Thanks for your reply.

It seems that the misunderstanding is between the math and giving it some real-world interpretation.

Why can't your argument be reversed, i.e:
Yes you have the set A in F4, but that doesn't mean that the stochastic process went -1, 1, 1, 1. It means that, you're now allowed to ask whether it did, at time 4.

I suspect that your answer might be that by time 4 we can obviously observe that the process did go -1, 1, 1, 1 and not 1, 1, 1, 1. But how is that reflected in the math? I think while a natural filtration models the flow of information, not all filtration do?

Are there any nonadapted stochastic processes (that aren't completely pathological)? It seems obvious that we can always know the value of X_t at time t, even if we define a process on t = {1,...,10}, where X_t = X_10 for all t.

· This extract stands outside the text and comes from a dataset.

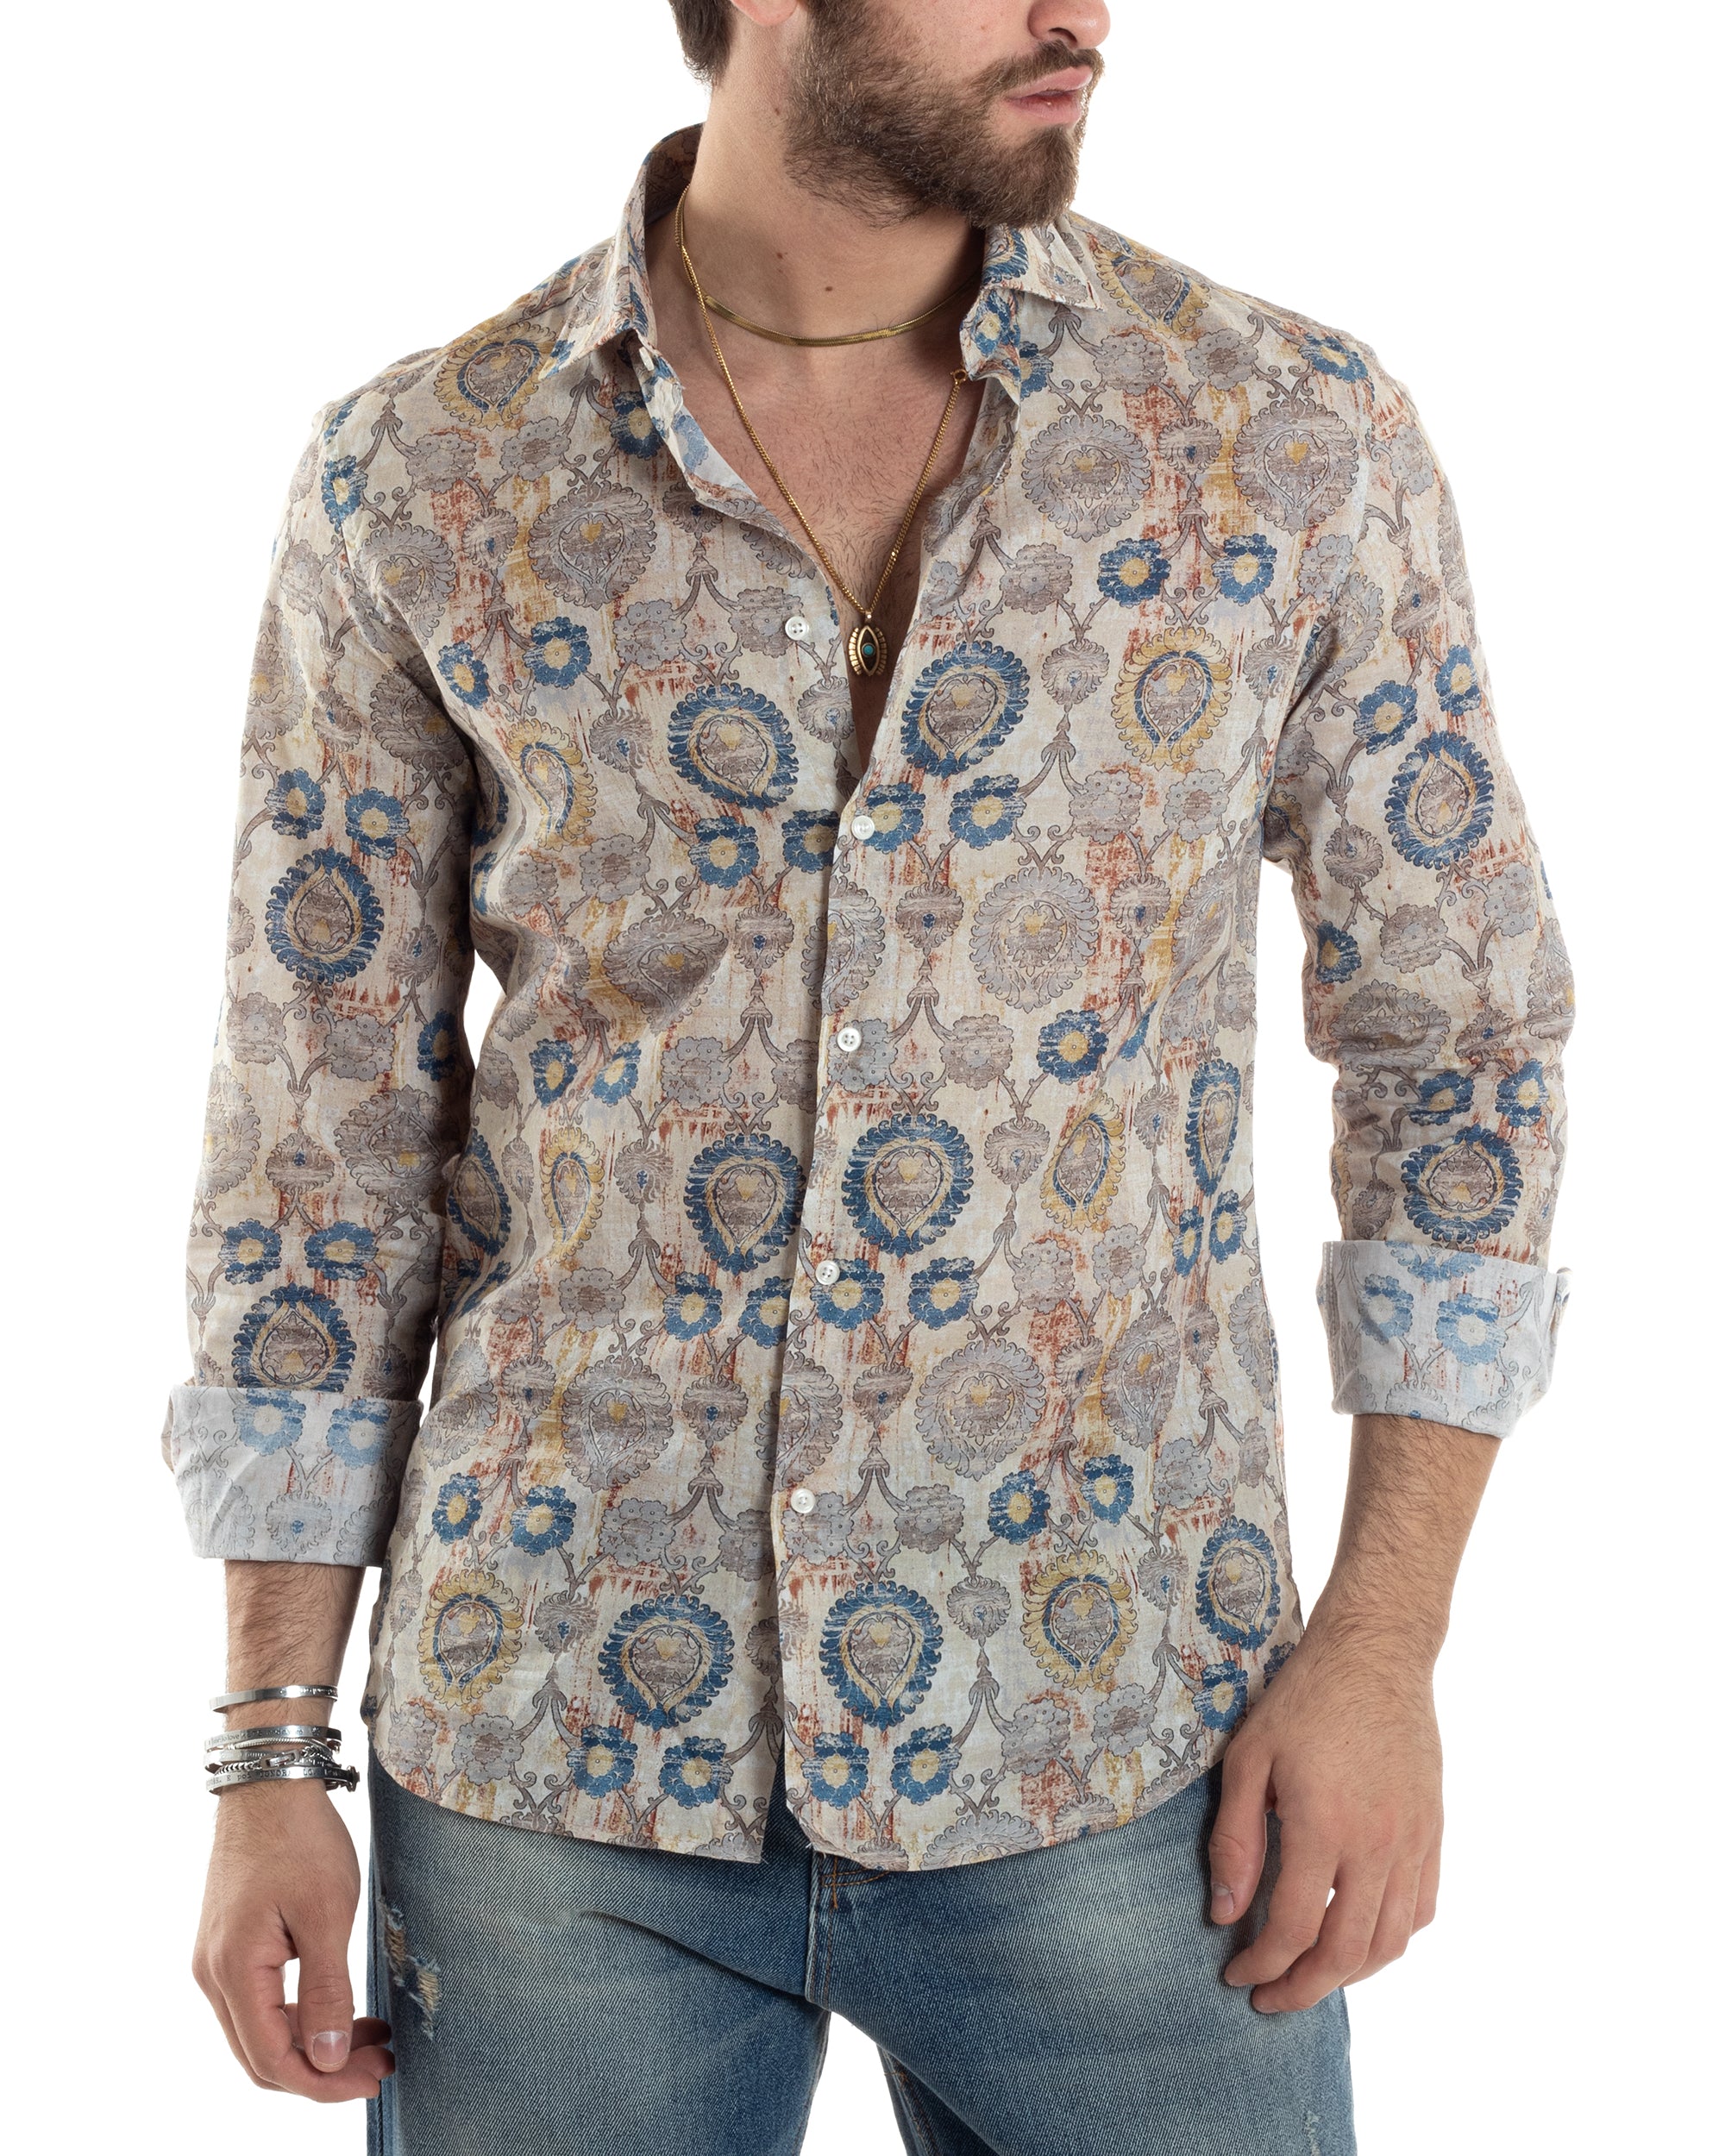 Camicia Uomo Manica Lunga Collo Francese Con Colletto Slim Fit Multicolore Fantasia Etnica GIOSAL-C2853A

It seems I'll have to go away and think about this for a while, particularly the definition on the conditional expectation you mentioned. While I'm aware of measure theory, I haven't yet had a serious look at that definition yet. Which I'll do now.

 

[kai_sikorski]

Thanks for your reply.

It seems that the misunderstanding is between the math and giving it some real-world interpretation.

Why can't your argument be reversed, i.e:
Yes you have the set A in F4, but that doesn't mean that the stochastic process went -1, 1, 1, 1. It means that, you're now allowed to ask whether it did, at time 4.

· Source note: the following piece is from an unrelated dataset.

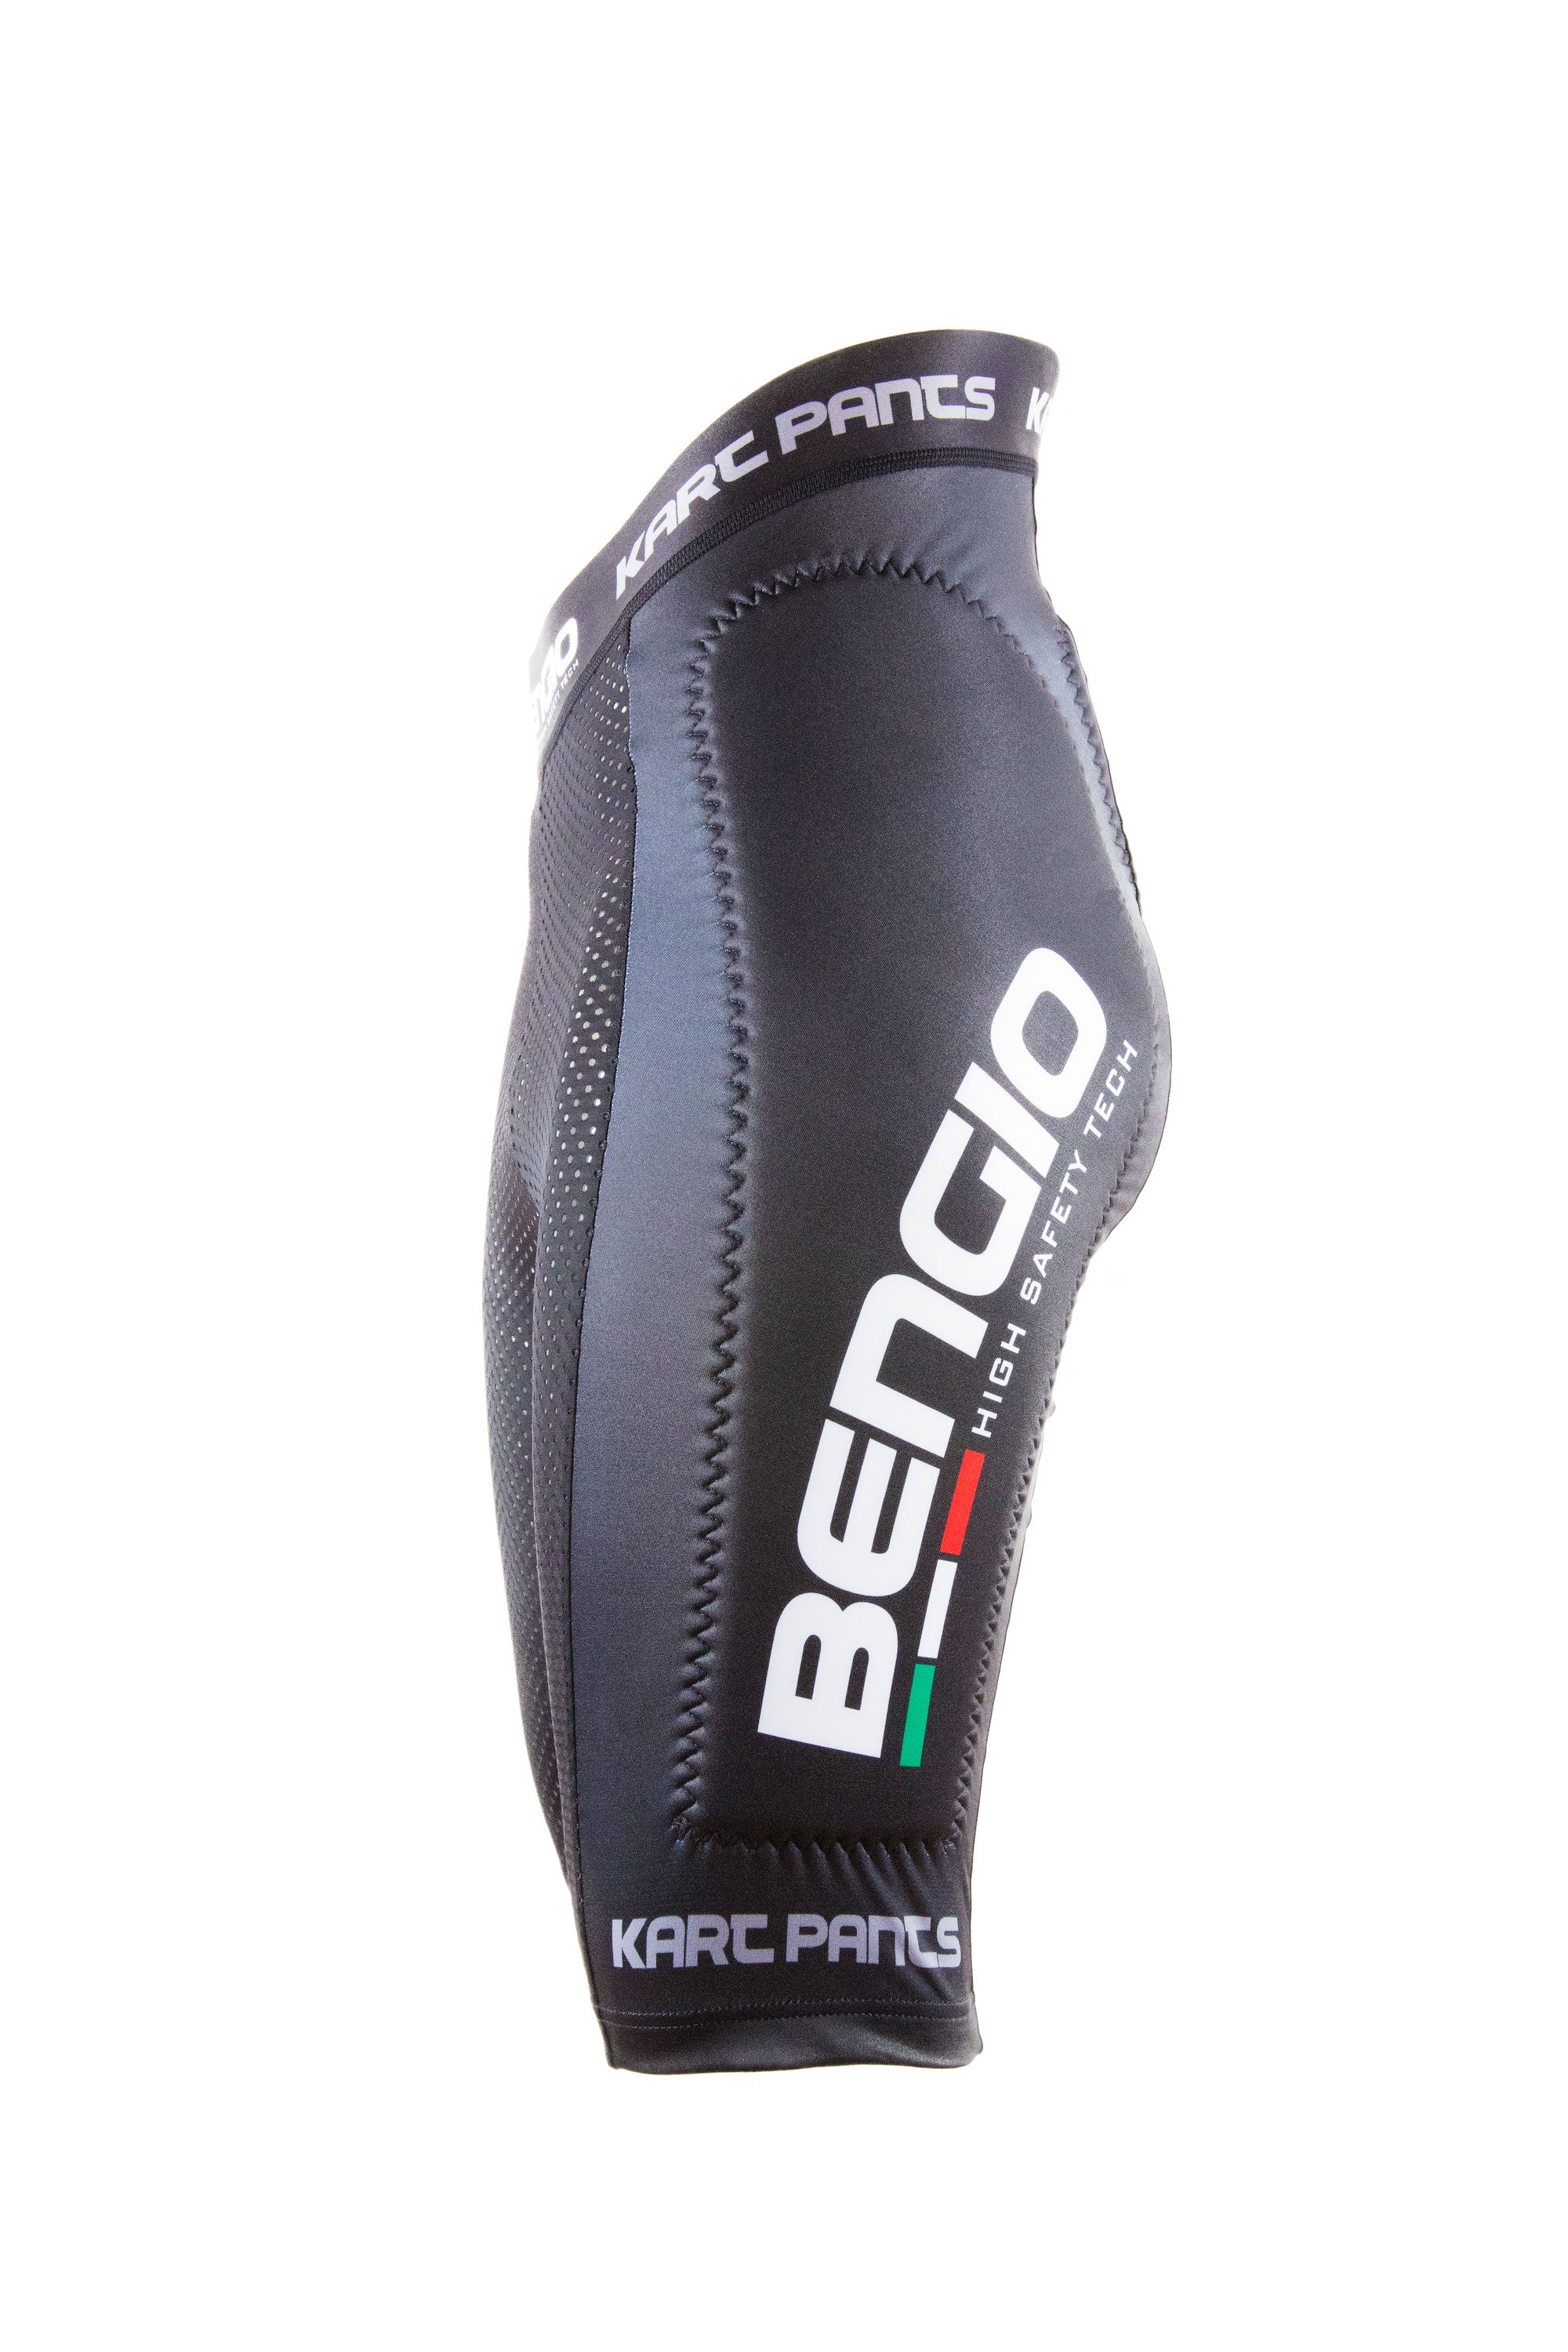 Bengio Pntm захисні штани / підштаники для картингу, чорний, р-р M Photo-4

Yes you're right. This is why I thought the statement they made was not precise, even if it was supposed to be just intuitive. Again I will emphasize that understanding conditional expectation would be really helpful here.

 

[kai_sikorski]

Are there any nonadapted stochastic processes (that aren't completely pathological)?

Yes. In the example we've been describing the stochastic process Y_i = X_i+1, is not adapted to the filtration we were talking about.

 

[kai_sikorski]

Actually on second thought I might have said something wrong as to the conditional expectations. I'll think about it a little more and re-phrase.